L’homme s’enfonça dans son fauteuil et se rappela que l’ancienne bonne de l’Impératrice venait tout juste de quitter la maison. Il fit signe à sa femme de partir.
Iphigénie se leva sur ses deux pieds, furieuse, et quitta le bureau sans cacher son mécontentement.
Une fois seuls, le Duc observa sa fille, si petite et menue, les cheveux en bataille et les traits cernés. Elle n’avait jamais été du genre à se montrer rebelle ou provocante. Savait-elle quelque chose qu’il ignorait ?

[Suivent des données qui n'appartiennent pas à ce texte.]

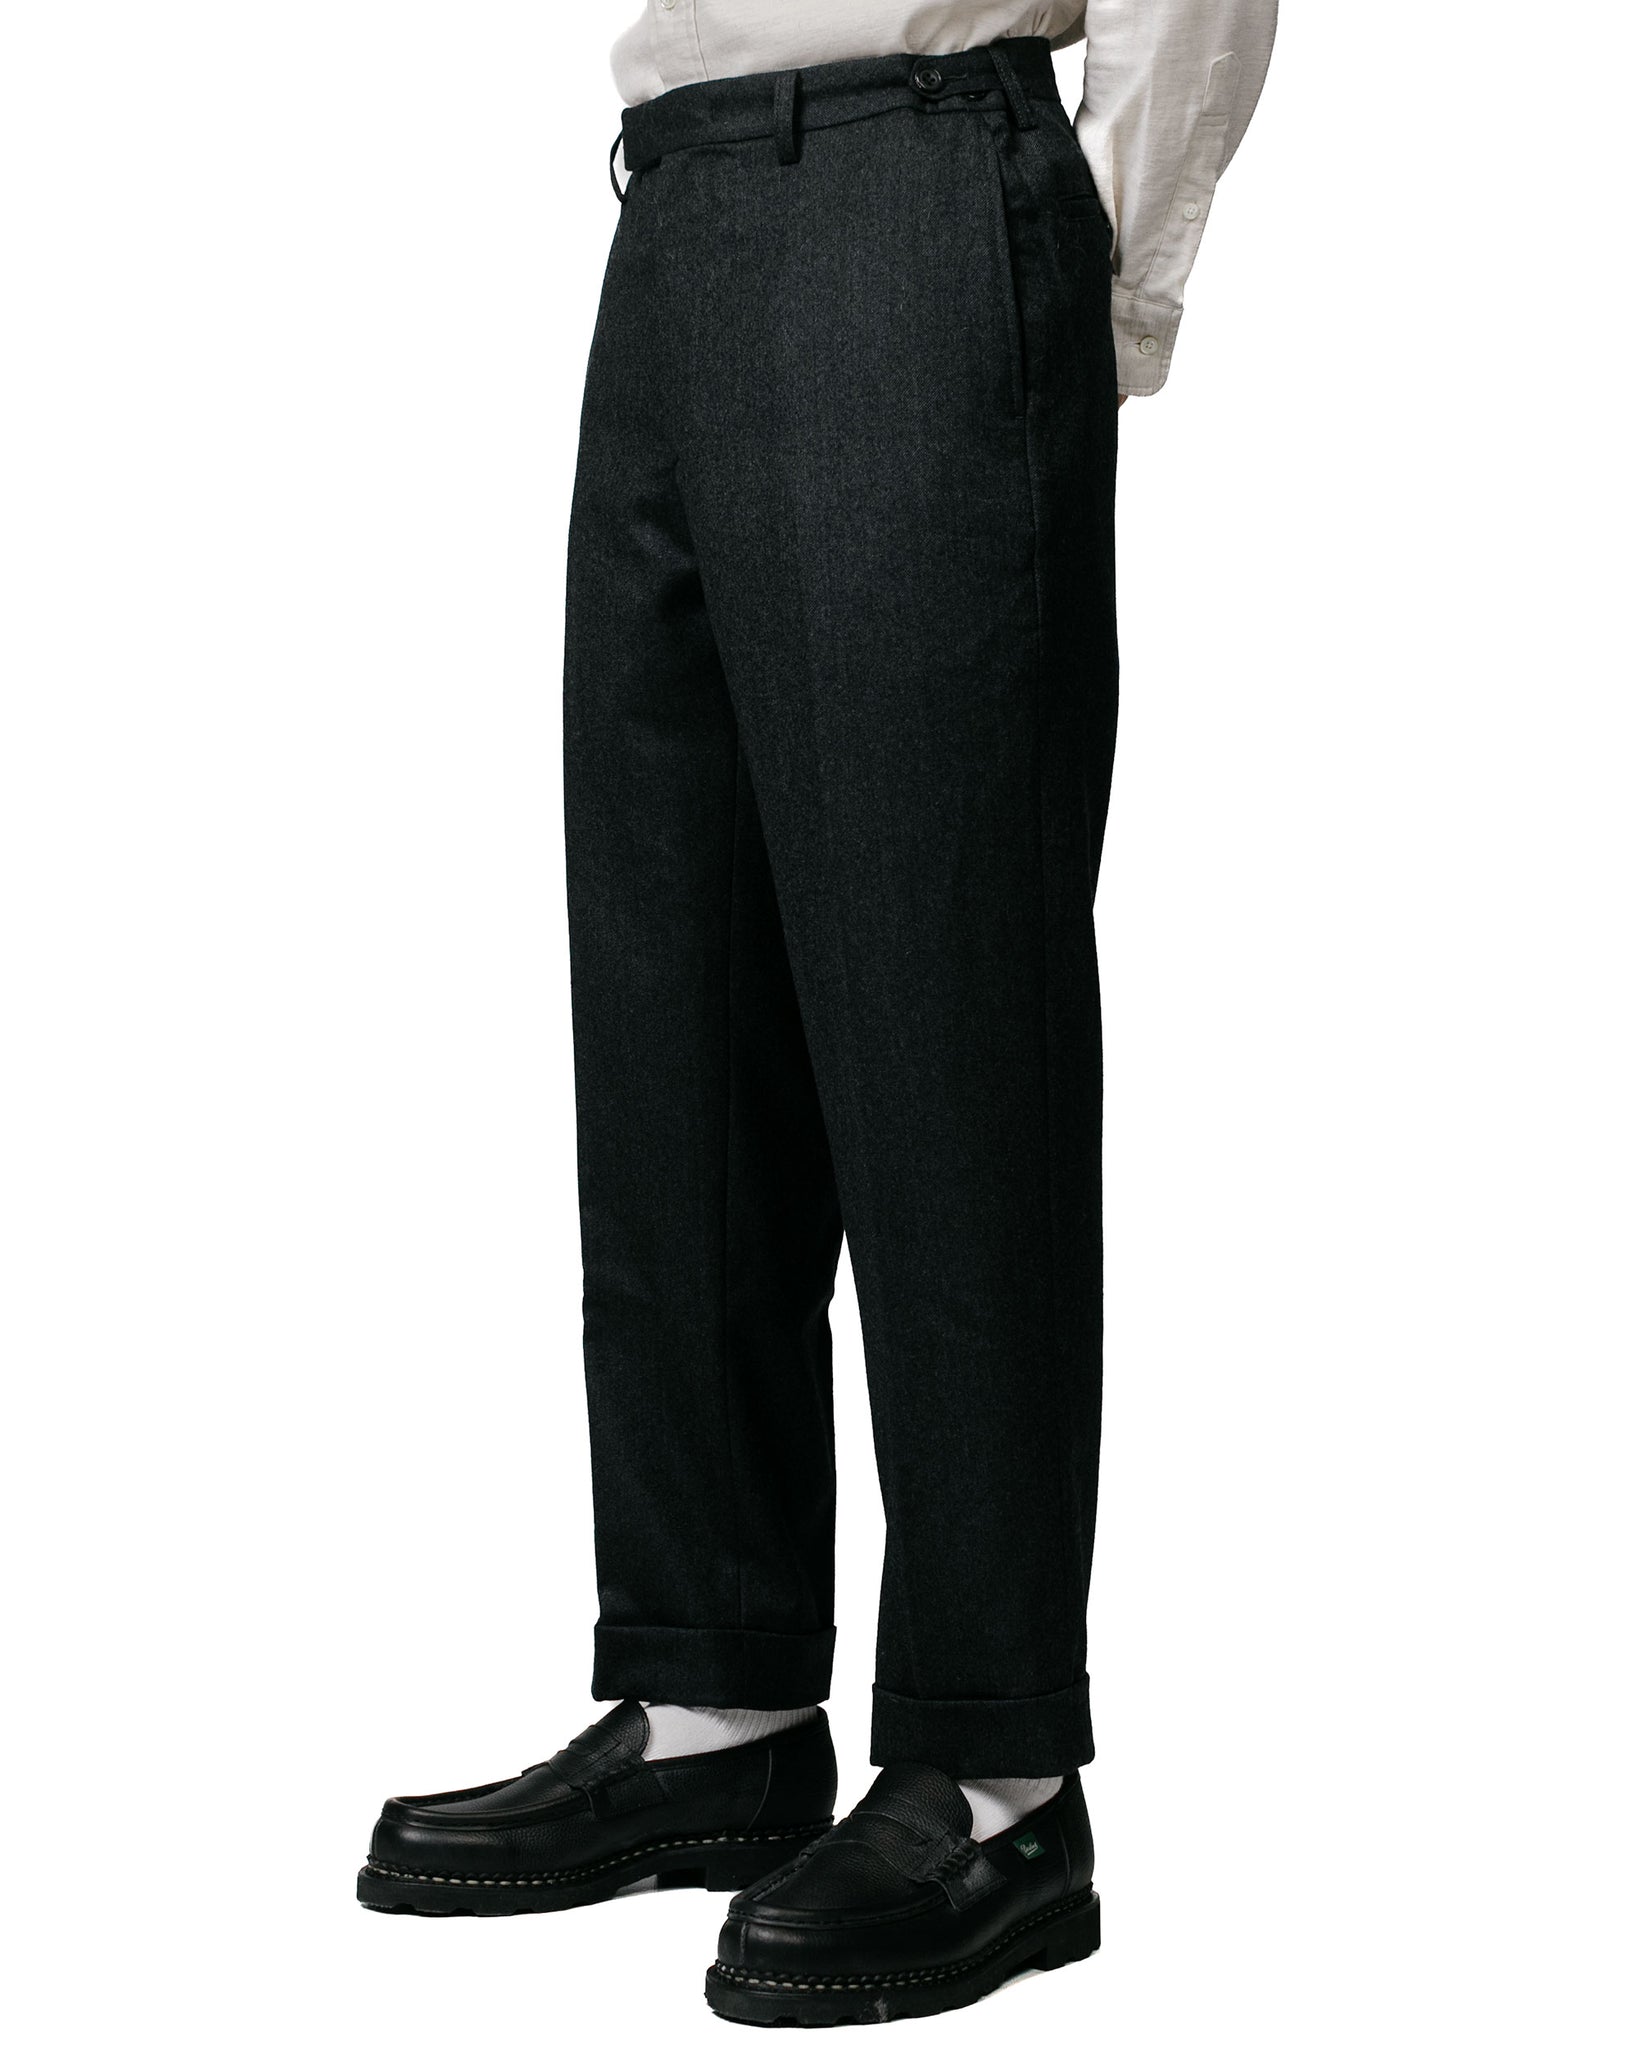 Beams Plus Ivy Trousers Ankle-Cut Flannel Charcoal Grey model front
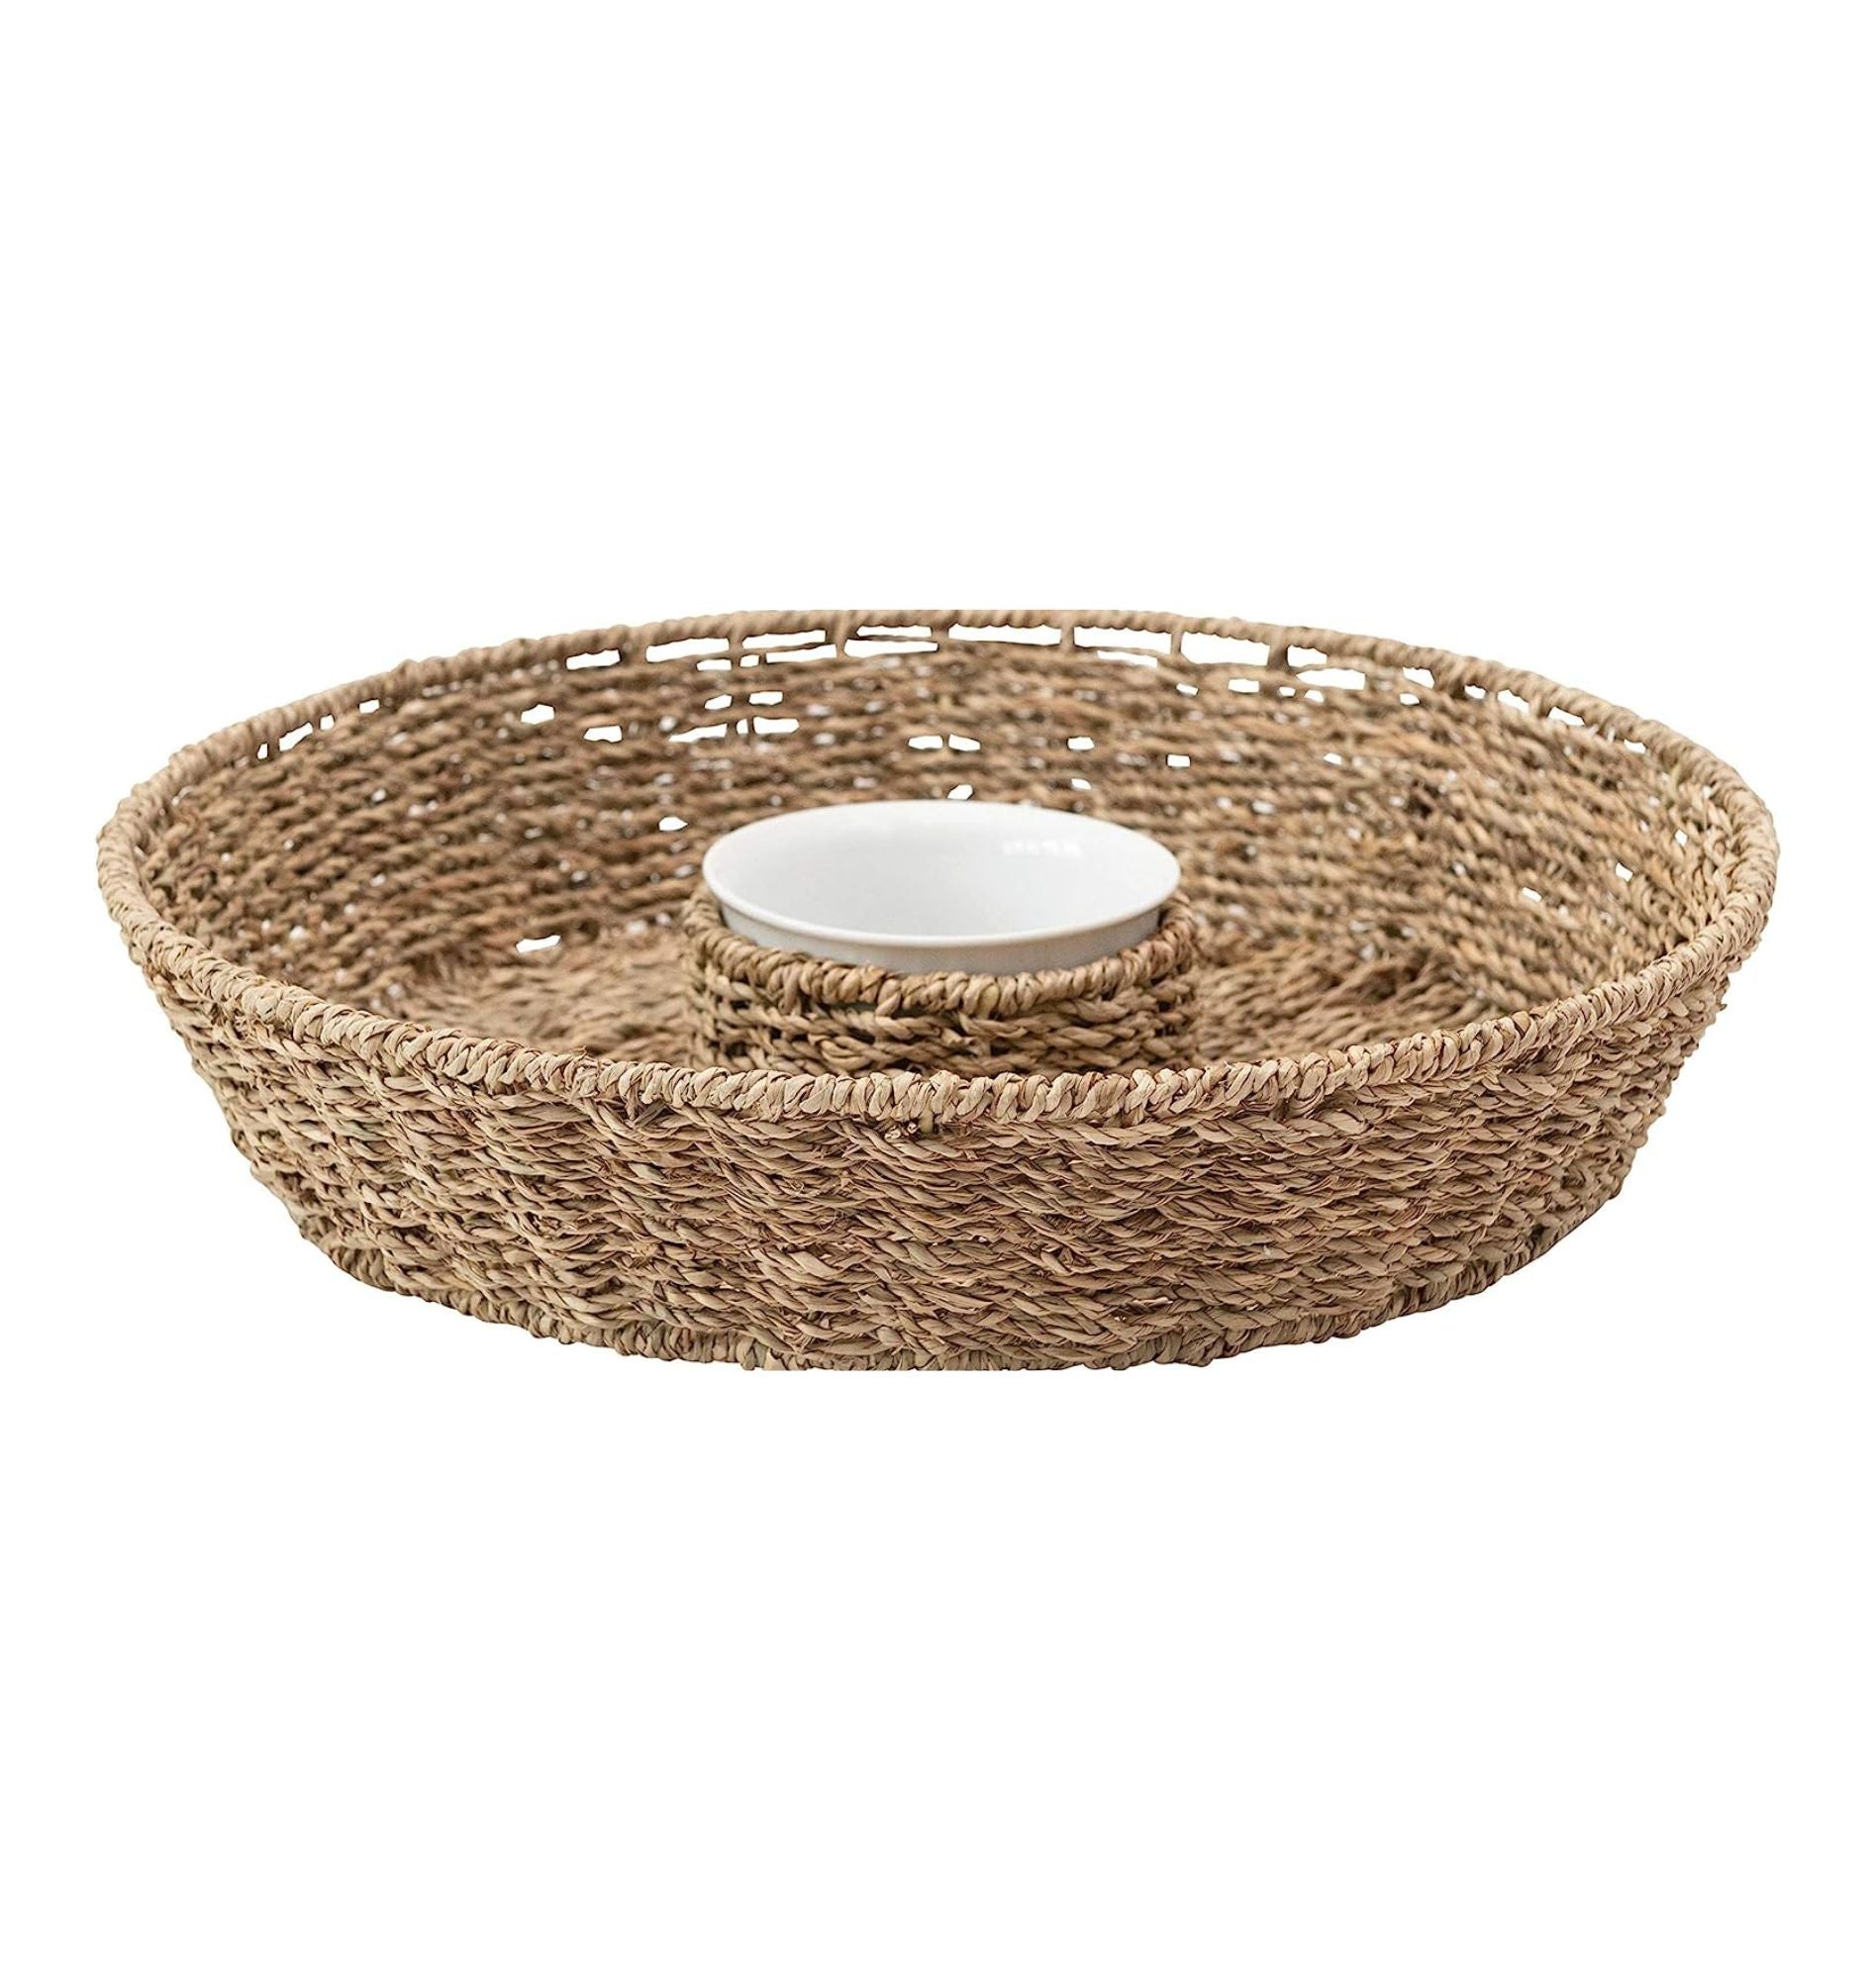 Seagrass Chip and Dip Basket Set

— Je t’écoute, dit-il avec un ton plus calme.
— Dusan et Léonie ont une liaison.
Le Duc de Hautebröm haussa les sourcils, étonné. Il vit la colère et la rancune dans les yeux de Giselle.
— J’ai découvert leur correspondance. Étiez-vous au courant ?
Son père se gratta la tête et poussa un soupir. Il garda le silence.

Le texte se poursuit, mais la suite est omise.